* **Given material**:
_____

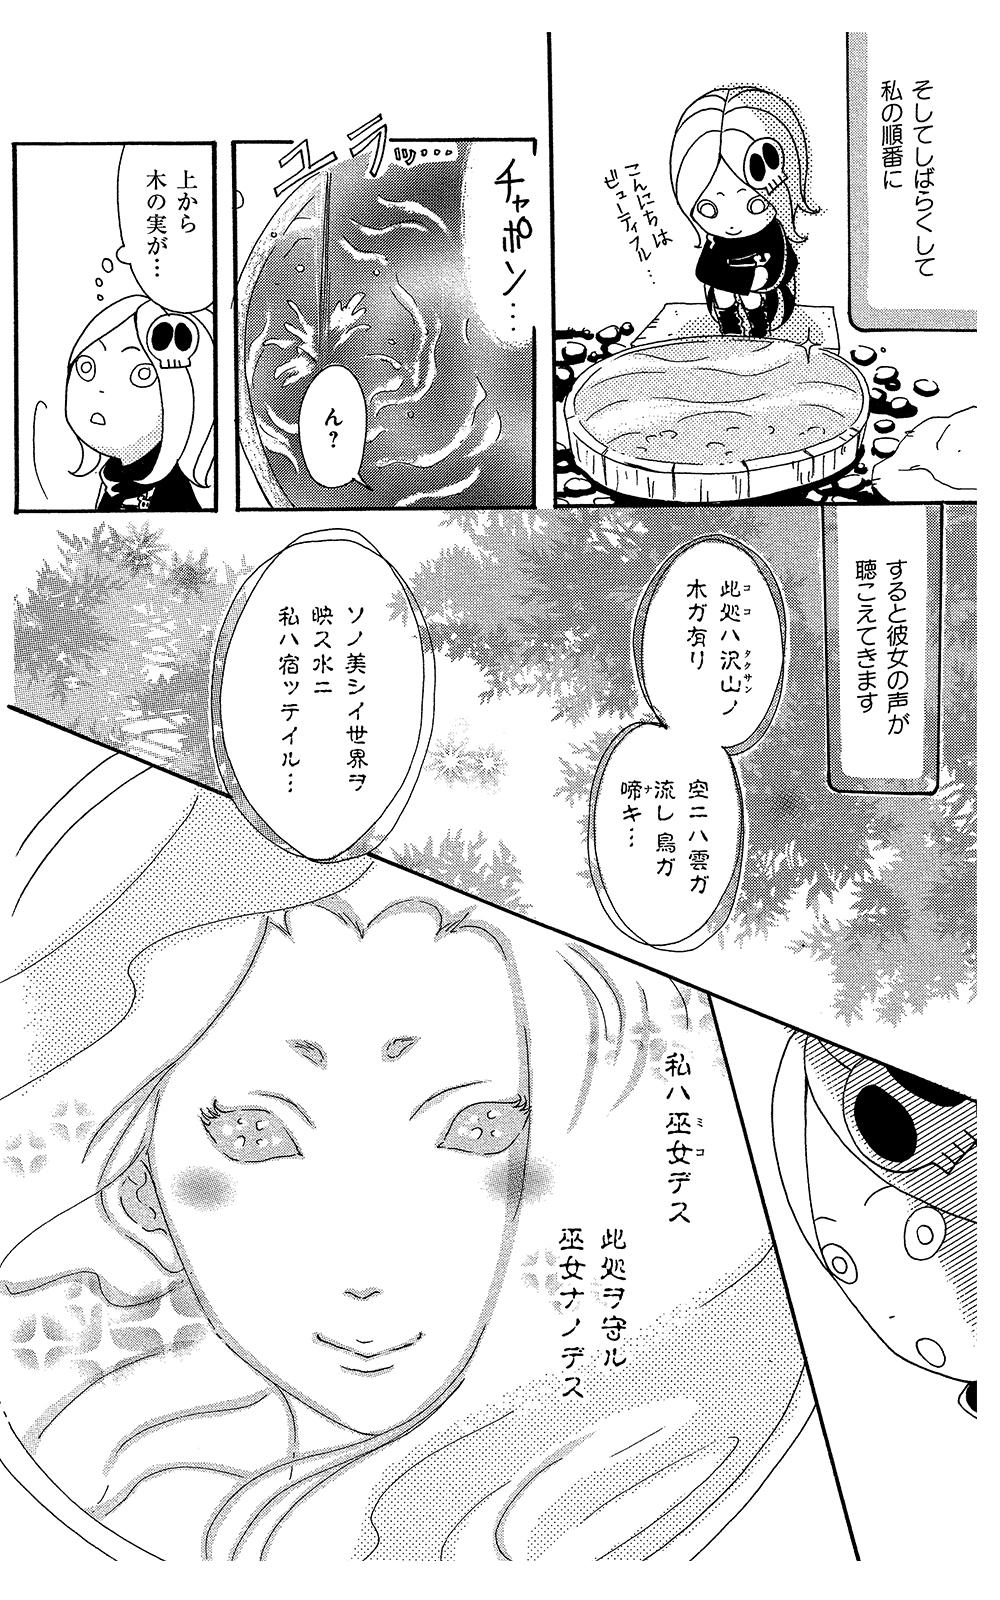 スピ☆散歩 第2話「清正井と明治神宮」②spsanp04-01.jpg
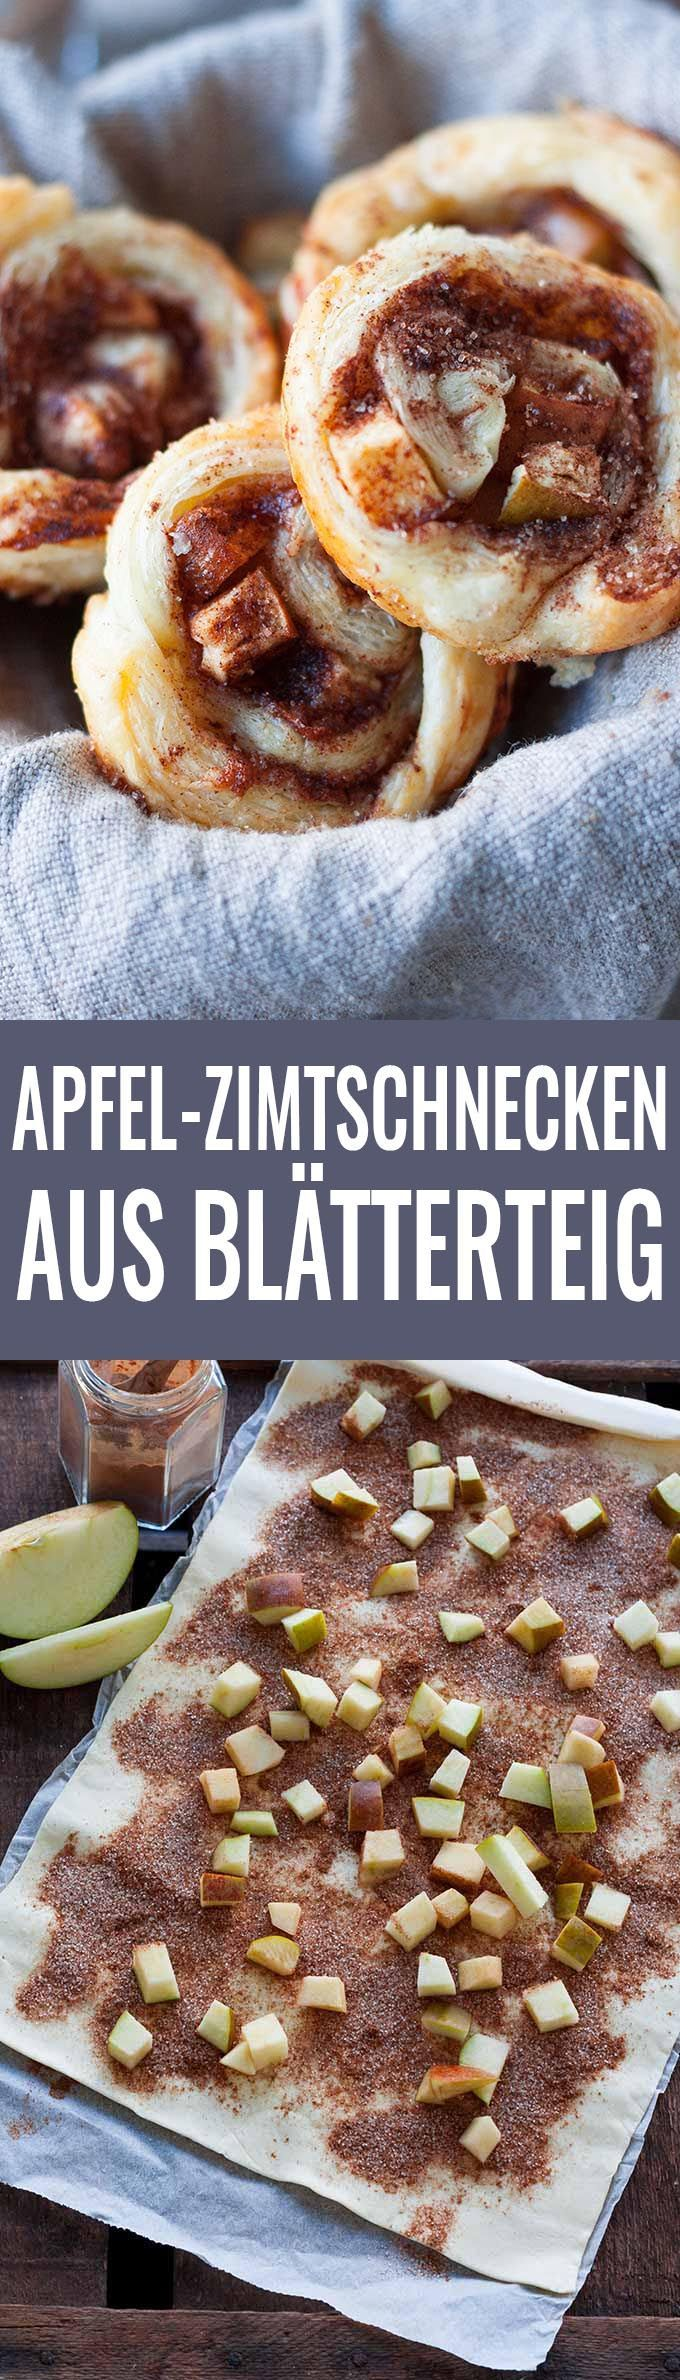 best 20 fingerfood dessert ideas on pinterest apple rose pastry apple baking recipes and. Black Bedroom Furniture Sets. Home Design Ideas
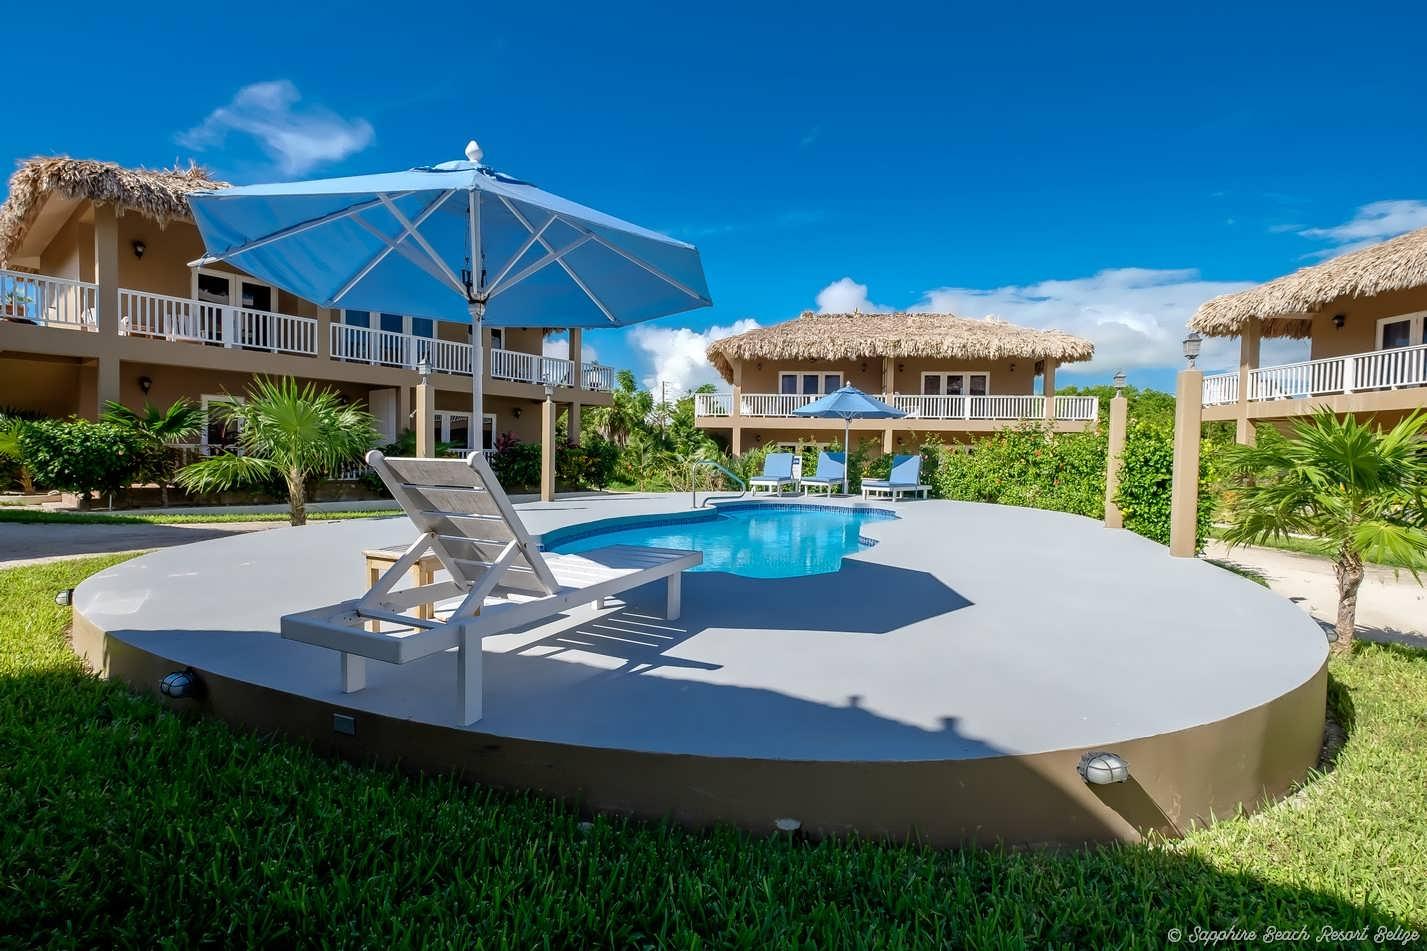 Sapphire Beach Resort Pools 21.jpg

_____

* **What you have to do**: Retype all of the material above precisely as it reads. Pictures are not part of the copy.

* **Expected output**:
 スピ☆散歩 第2話「清正井と明治神宮」②spsanp04-01.jpg
 best 20 fingerfood dessert ideas on pinterest apple rose pastry apple baking recipes and. Black Bedroom Furniture Sets. Home Design Ideas
 Sapphire Beach Resort Pools 21.jpg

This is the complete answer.